▶ [YOUR OBJECTIVE]:
Take the line with "Kaum waren die" as the first and the last line of the data as the end. Write out both and every line between exactly, except pictures.

▶ [DATA SECTION]:
++++++

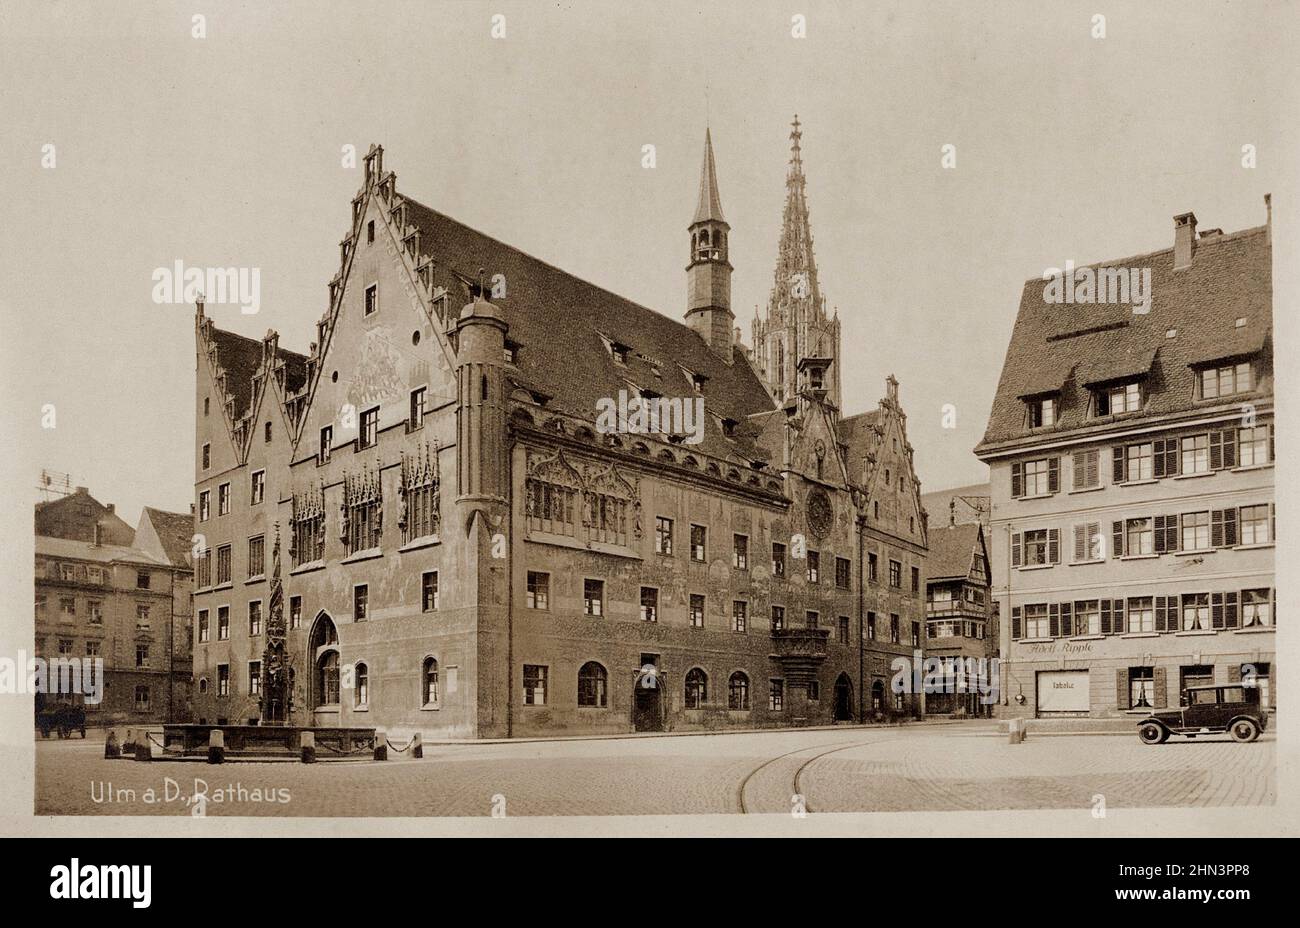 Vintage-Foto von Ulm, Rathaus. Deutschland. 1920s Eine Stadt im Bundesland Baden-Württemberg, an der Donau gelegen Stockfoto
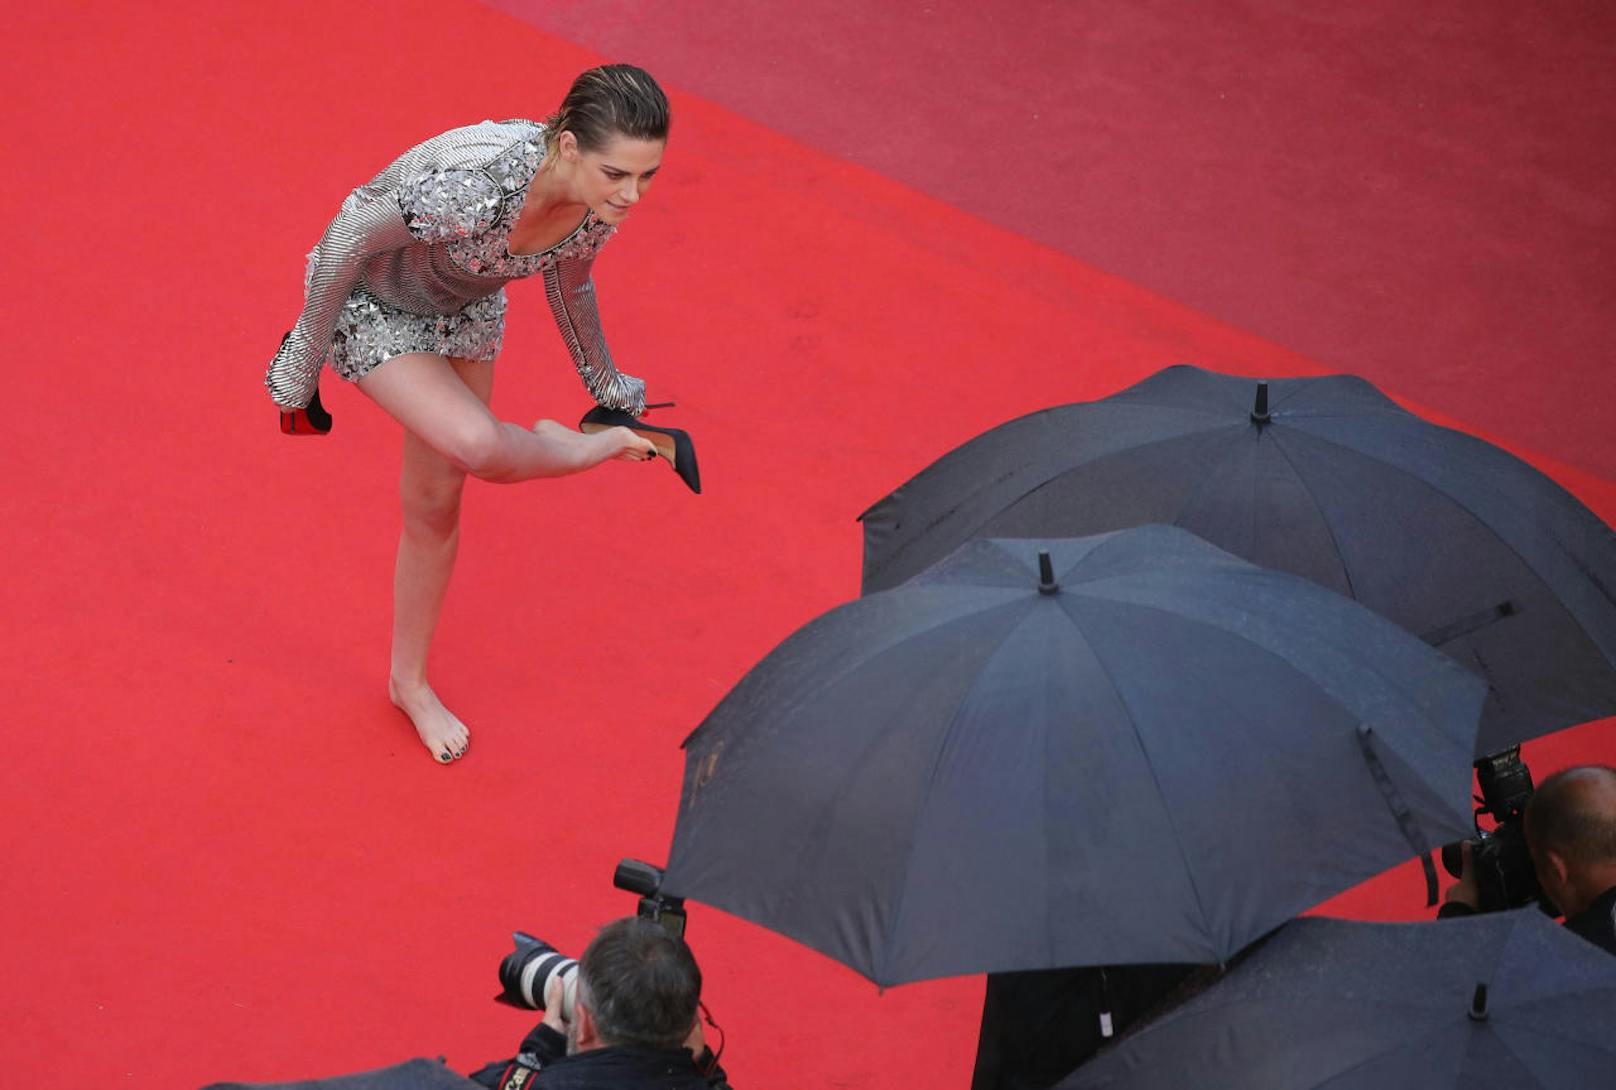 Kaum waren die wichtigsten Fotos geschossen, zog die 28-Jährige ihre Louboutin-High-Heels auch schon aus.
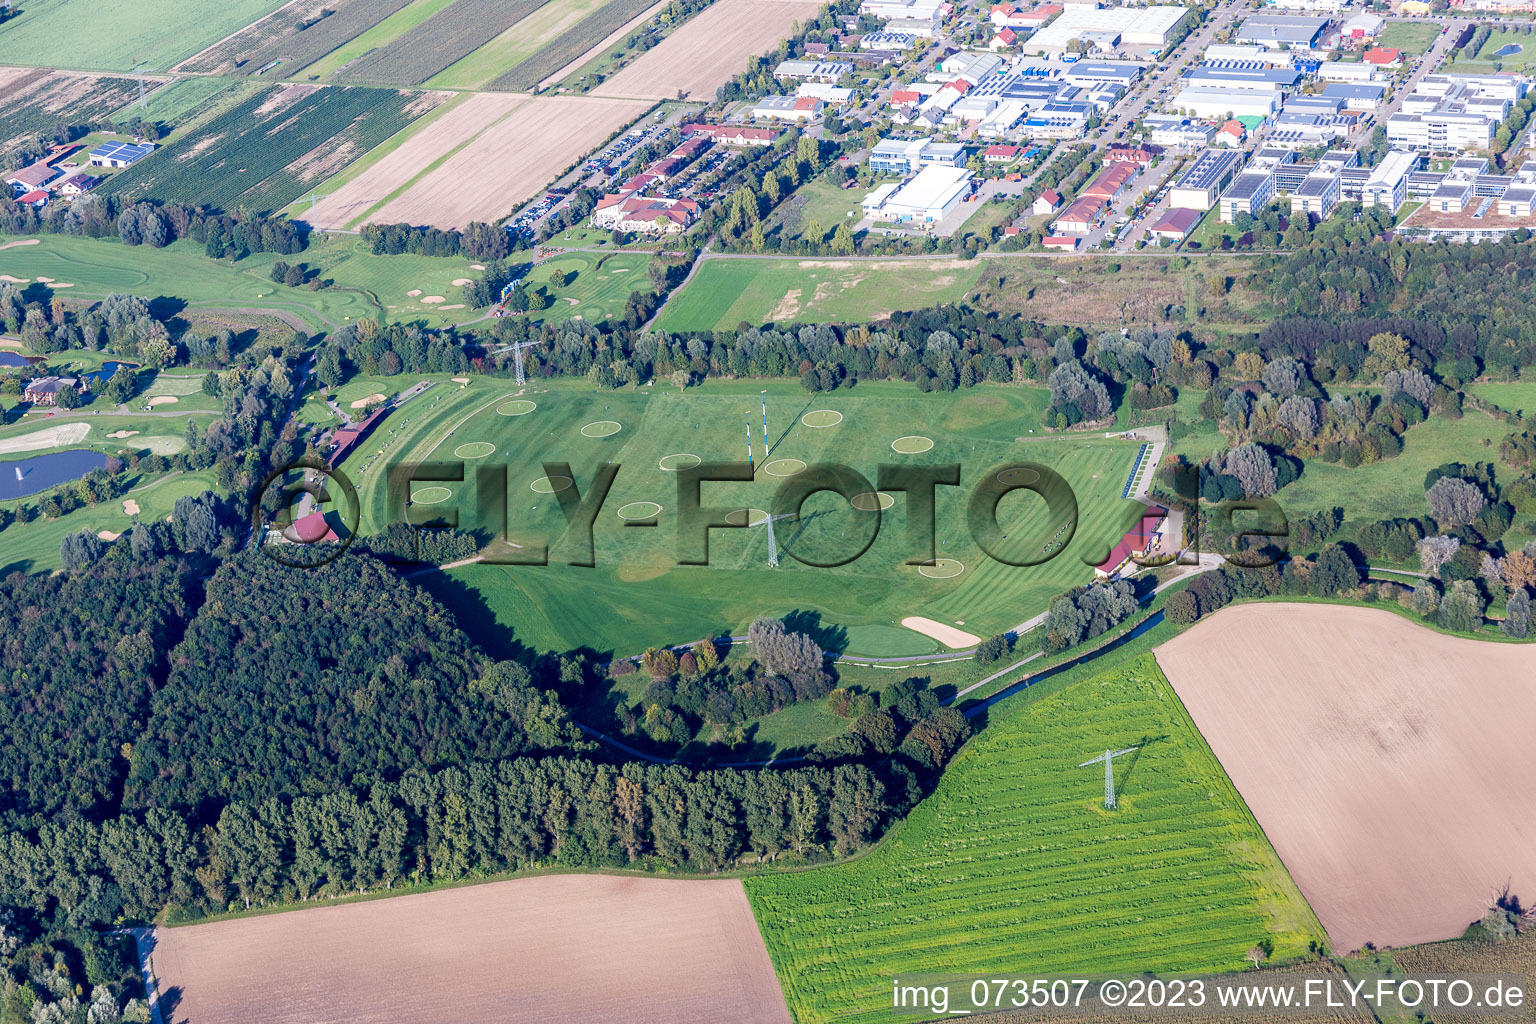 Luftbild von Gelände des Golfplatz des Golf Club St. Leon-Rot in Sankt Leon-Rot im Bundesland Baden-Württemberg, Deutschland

++++++

▶ [RESULT]:
 Kaum waren die wichtigsten Fotos geschossen, zog die 28-Jährige ihre Louboutin-High-Heels auch schon aus.
 Luftbild von Gelände des Golfplatz des Golf Club St. Leon-Rot in Sankt Leon-Rot im Bundesland Baden-Württemberg, Deutschland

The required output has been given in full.